Harte Worte fand auch der serbische Innenminister Aleksandar Vulin. Die EU habe mit ihren jüngsten Beschlüssen gezeigt, dass der Kriegszustand zu einer wesentlichen Voraussetzung für den Beginn von Verhandlungen geworden sei. "Die EU ist bis gestern kein Militärbündnis gewesen, nun zeigt sich aber, dass die Kriegsbeteiligung der Ukraine ausreicht, um Verhandlungen aufzunehmen", wird Vulin in einer Aussendung des serbischen Innenministeriums zitiert.
Von Nichts komme Nichts
Im Gespräch mit dem serbischen Staatssender RTS äußerte die Präsidentin des serbischen Zentrums für Außenpolitik Suzana Grubješić Verständnis für den Unmut der Staatsmänner. Die Region habe beim Treffen in Brüssel nichts bekommen.
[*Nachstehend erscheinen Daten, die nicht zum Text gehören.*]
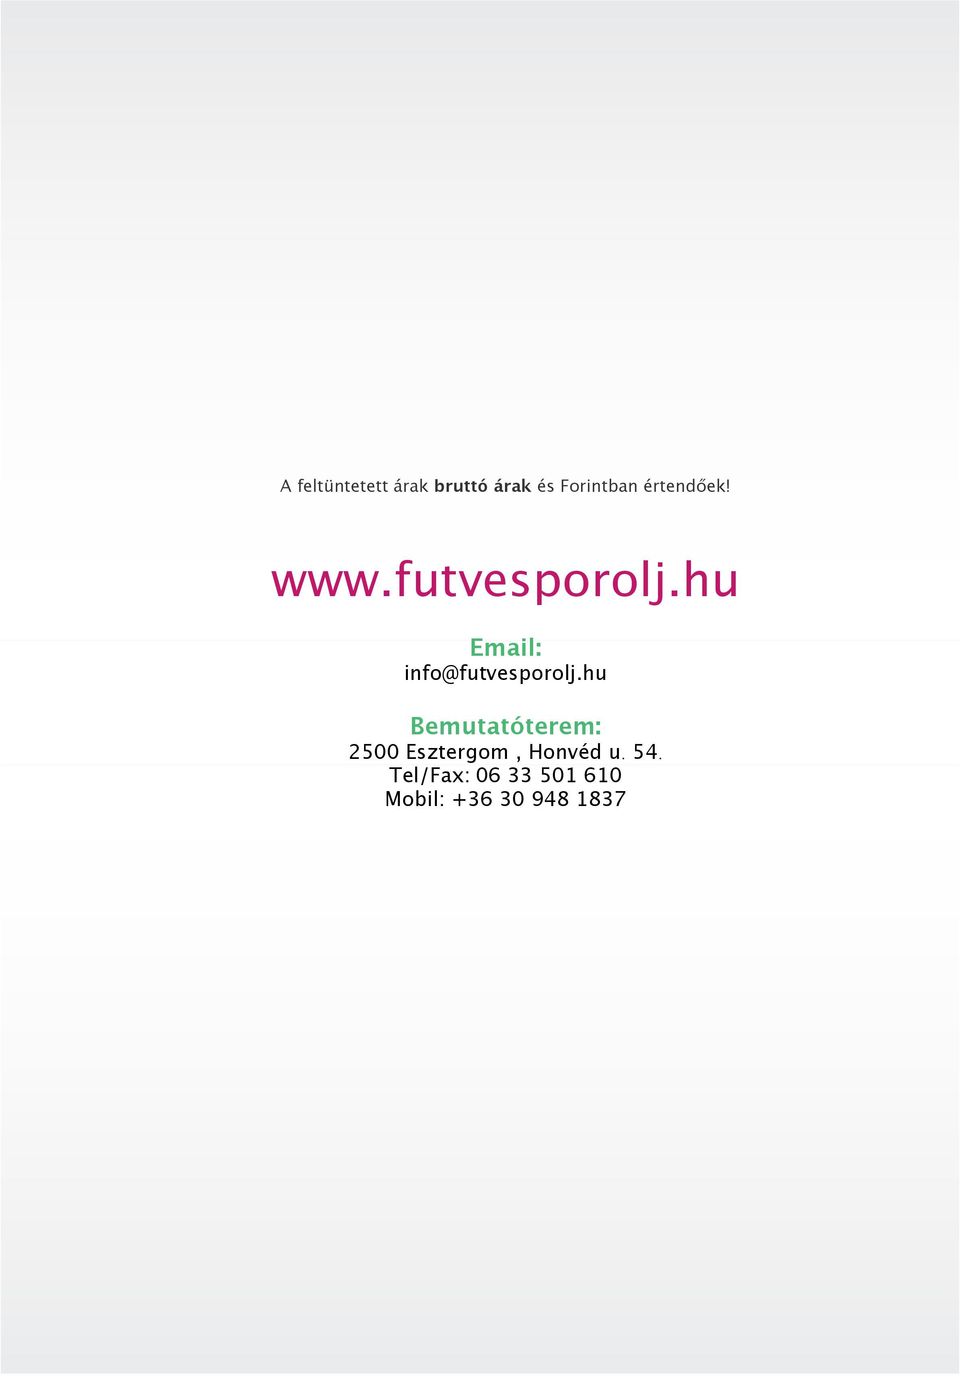 hu Email: info@futvesporolj.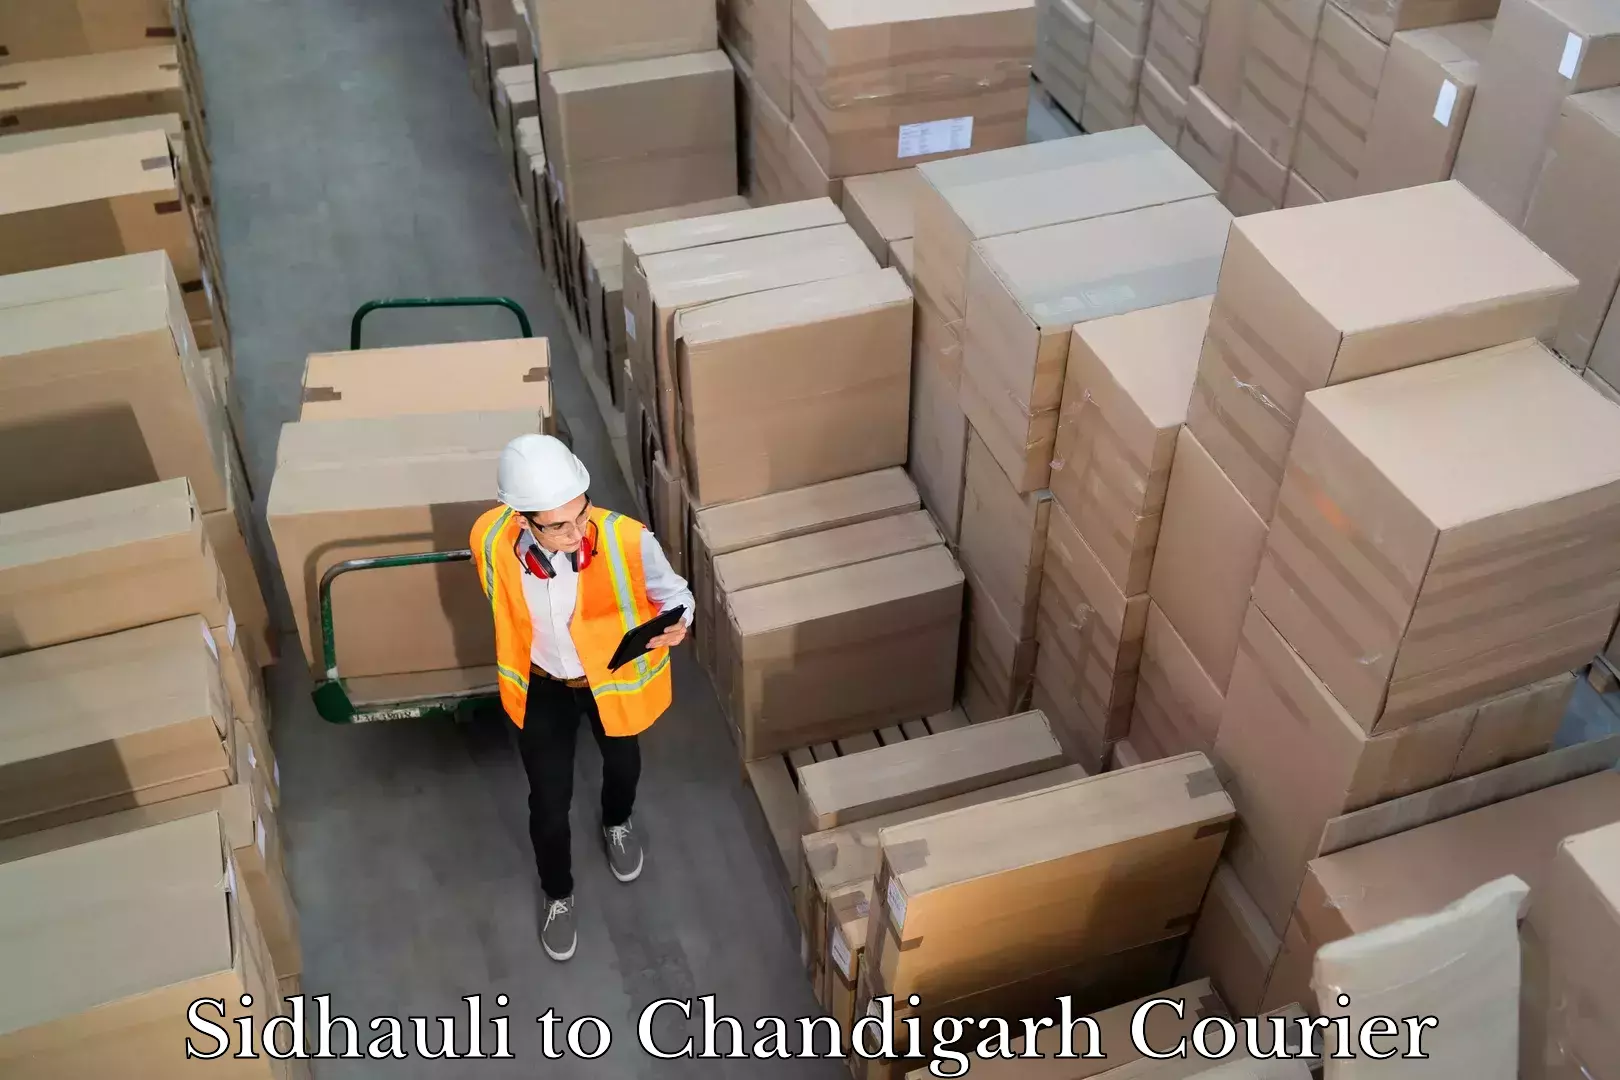 Courier service comparison Sidhauli to Chandigarh

Zuvor sei ihr allerdings auch nichts angeboten worden, lautet die Einschätzung der Expertin. "Ich hoffe, dass dies das letzte Mal ist, dass so etwas passiert, und dass wir am Ende des Jahres diese so oft erwähnte Beschleunigung des Beitrittsprozesses erwarten können, sowohl für einzelne Länder als auch für die Region als Ganzes. Das wäre nach all den Jahren das einzig Faire", erklärte Grubješić. Einen positiven Aspekt sah sie in Brüssel dennoch, nämlich einen starken, gemeinsamen Auftritt der Staatschefs Serbiens, Nordmazedoniens und Albaniens.
Das sei nicht immer so gewesen, dass man gemeinsam und lautstark für eine Sache kämpfe. "Noch besser wäre es, wenn die ganze Region mit einer Stimme spräche, ein solches Vorgehen hätte mehr Wirkung", ist sich Grubješić sicher.
"Die Westeuropäer wollen den Balkan nicht in der EU haben"
Keinen Zweifel daran, was die EU tatsächlich vom Westbalkan will, haben die Balkan-Medien. "Die Westeuropäer wollen den Balkan nicht in der EU haben", titelt das serbische Portal Blic.rs und bezieht sich dabei auf Timothy Less, einen Cambridge-Professor, den man eigens zu diesem Anlass interviewt hat. In den Titel packte das Portal auch einen weiteren Sager des Professors: "Sie (Westeuropäer, Anm.) wollen eine Gemeinschaft reicher Länder, die dieselben Werte teilen und keine Armen und Problemkinder". Die EU-Erweiterung sei laut ihm schon immer eine politische Frage gewesen und wird es auch bleiben.
Die bosnische Zeitung Nezavisne novine hat derweil bereits Sündenböcke für die ablehnende Haltung der EU gegenüber einer Beitrittskandidatur Bosnien-Herzegowinas ausfindig gemacht. "Gegen Bosniens Kandidatur waren Deutschland, die Niedelande und Frankreich: Die stärksten EU-Länder schlossen die Schranken", titelt das Blatt. Als Gründe dafür wird unter anderem auch die Uneinigkeit bosnischer Spitzenpolitiker in etlichen Angelegenheiten genannt.